$F(n,k,p)$ is the sum of $p$'th powers of all integers $\leq n$ with exactly $k$ set bits in their binary representation.
$F(18,3,4) = 7^4 + 11^4 + 13^4 + 14^4 = 84019$ because $7,11,13,14$ are the only integers less than $18$ with exactly 3 set bits, and the sum of their $4$'th powers is $84019$.
Likewise, $F(18,3,0) = 4$
I have found how to count such integers, i.e $F(n,k,0)$.
Let $b = \lfloor log_2n \rfloor$ (position of highest significant bit in $n$) and $F(n,k,0) = F(n,k)$, "&" is the bitwise AND operator, then:
$$F(n,k)=\begin {cases} 0&k\lt0\\ 1&k=0,n\geq0\\0&b \lt k - 1\\{b \choose k} + F(n \space \& \space (2^{b} - 1),k - 1)&otherwise \end {cases}$$
Which is understandable using some logic and combinatorics. Can it be generalized to sum such integers? their squares, cubes etc?
Please check my arithmetic. This might help, not a full answer.

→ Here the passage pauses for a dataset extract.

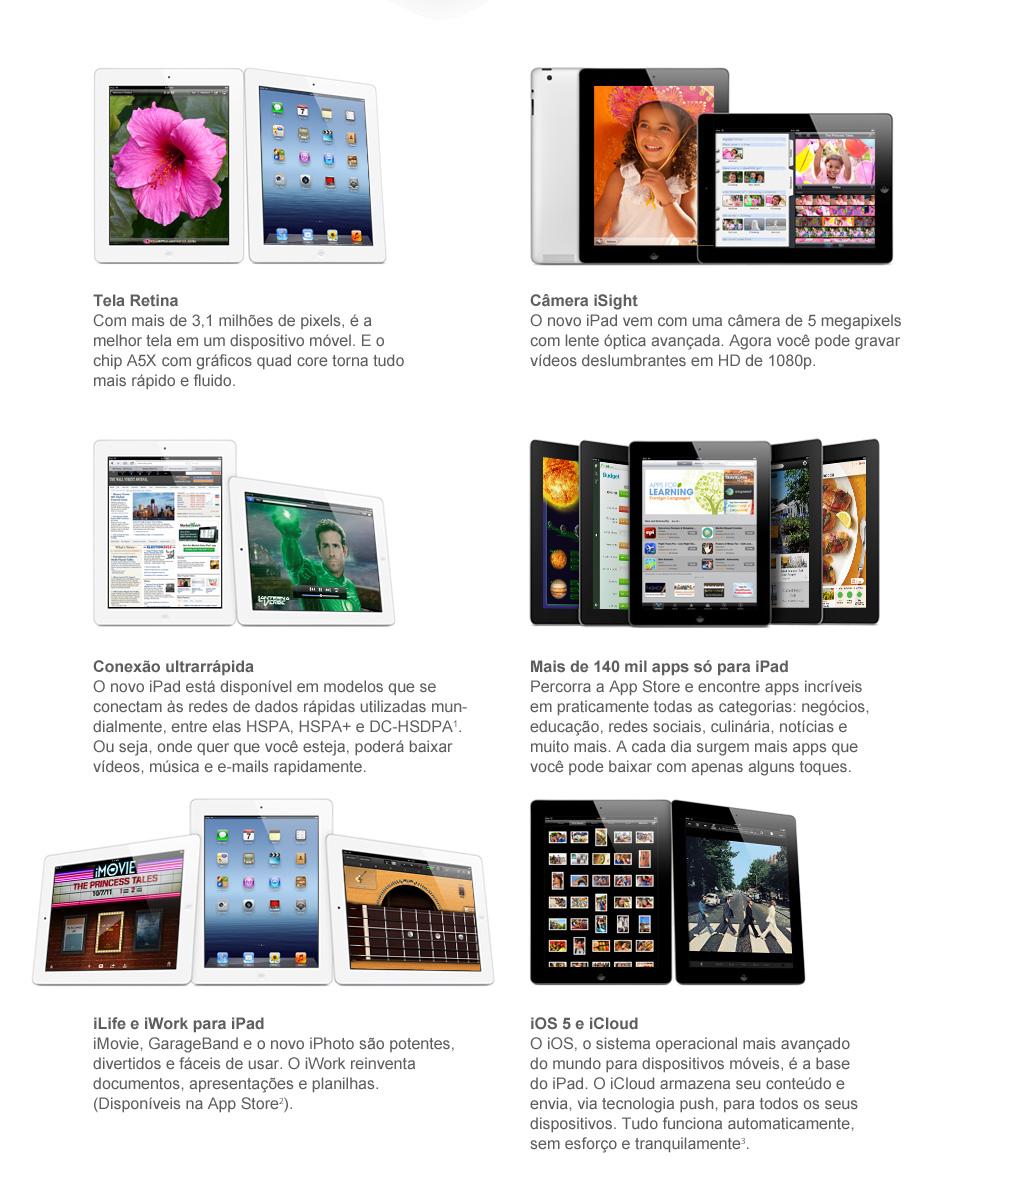 Novo iPad 3 chegou! Compre agora!

Special case of $p=1,k=2:$
There is a simple pattern to the positions of the set bits, see for example $$ 11000\\ 10100\\ 10010\\ 10001\\ ~\\ 01100\\ 01010\\ 01001\\ ~\\ 00110\\ 00101\\ ~\\ 00011 $$ and note that the position of the second set bit changes regularly in each group, giving
$$ f(n,2,1)=2^{t-1}+\sum_{k=1}^{t-2} 2^{t-1-k}+\\ \quad \quad \quad +2^{t-2}+\sum_{k=1}^{t-3} 2^{t-2-k}+ \\ \quad \quad \quad \vdots\\ \quad+2^2+2, $$
if $n=2^{t-1}+2^{t-2},$ or $$ f(n,2,1)=2^{t-1}+2^{t-1}-1+\\ \quad \quad \quad +2^{t-2}+2^{t-2}-1+ \\ \quad \quad \vdots\\ \quad +2+(2-1), $$ which becomes $$ f(n,2,1)=(2^t+2^{t-1}+\cdots+2^2)-(t-1)=2^{t+1}-4-(t-1)=2^{t+1}-t-3. $$
Then note that if you consider the position of the second highest set bit in $n$, the above expression can be adjusted by adjusting the first sum, by removing a few rows from the top of the first group.
This takes care of all $n$ for this restricted case.
For $p=1,k>2,$ a generalisation seems possible but I will not proceed further.